Lafı uzatmadan kitabımdan bahsedeyim. Kitabıma konu olan kahramanının adı Efe. O, Kendini tanımaya başlayan, tanıdıkça kendini reddeden ama içten içe kabullenmeye başlayan bi adam..

Sıradan Adam..

Sıradan adamın sıradan hayatını okuyacaksınız. Aslında hayatın o kadar da toz pembe olmadığını göreceksiniz. Karşılıksız aşkı göreceksiniz gördükçe belki de kendinizden bir parça bulacaksınız..
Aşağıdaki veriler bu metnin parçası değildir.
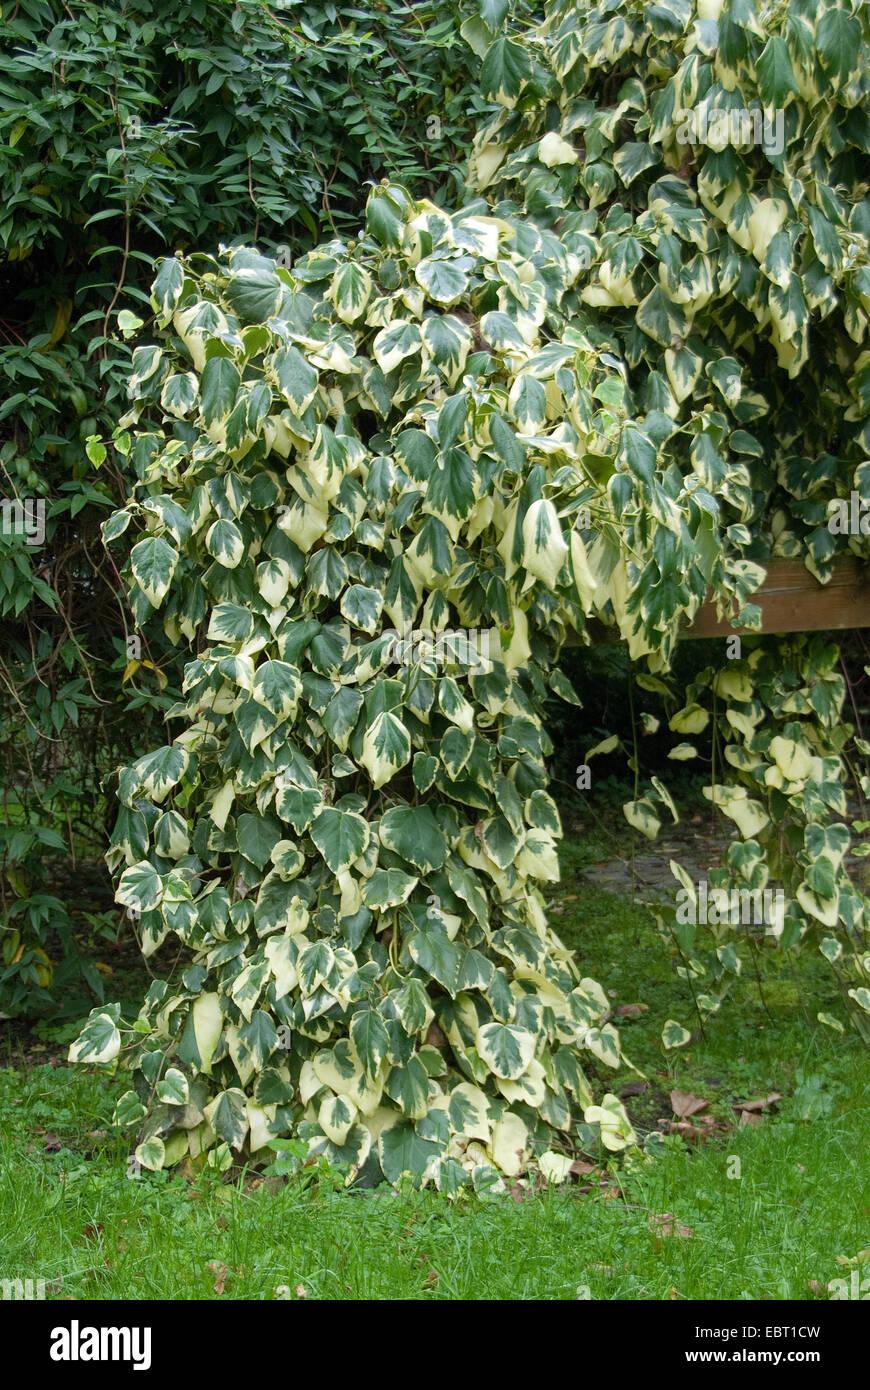 Persian Ivy, Colchis Ivy (Hedera colchica 'Dentata Variegata', Hedera colchica Dentata Variegata), cultivar Dentata Variegata Stock Photo

Daha fazla uzatmadan sizlere keyifli okumalar diliyorum... Hayatınız gökkuşağı kadar renkli ve bi o kadar da mutlu olsun..

*********

Yeni bir şehre taşınmıştık yazın, dolayısıyla liseye burada devam edecektim. Yeni okul, yeni insanlar, yeni ortam.. Herkes için bu heyecan verici olabilir ama benim için ürkütücüydü. Hayatımdaki yenilikleri hiç bir zaman sevemedim. Var olan duruma alışıp bir başka duruma adapte olmak benim için zordu.

İçine kapanık biri olmak belki de hayatın bana karşı kötü planlarını kahkaha atarak karşıma çıkarmasını sağlıyordu. Evet içine kapanık, sessiz, kimseye Selam verecek cesaretinde bile olmayan birini hayat sevmeyip ne yapsın ki? Vur kafasına al ekmeğini..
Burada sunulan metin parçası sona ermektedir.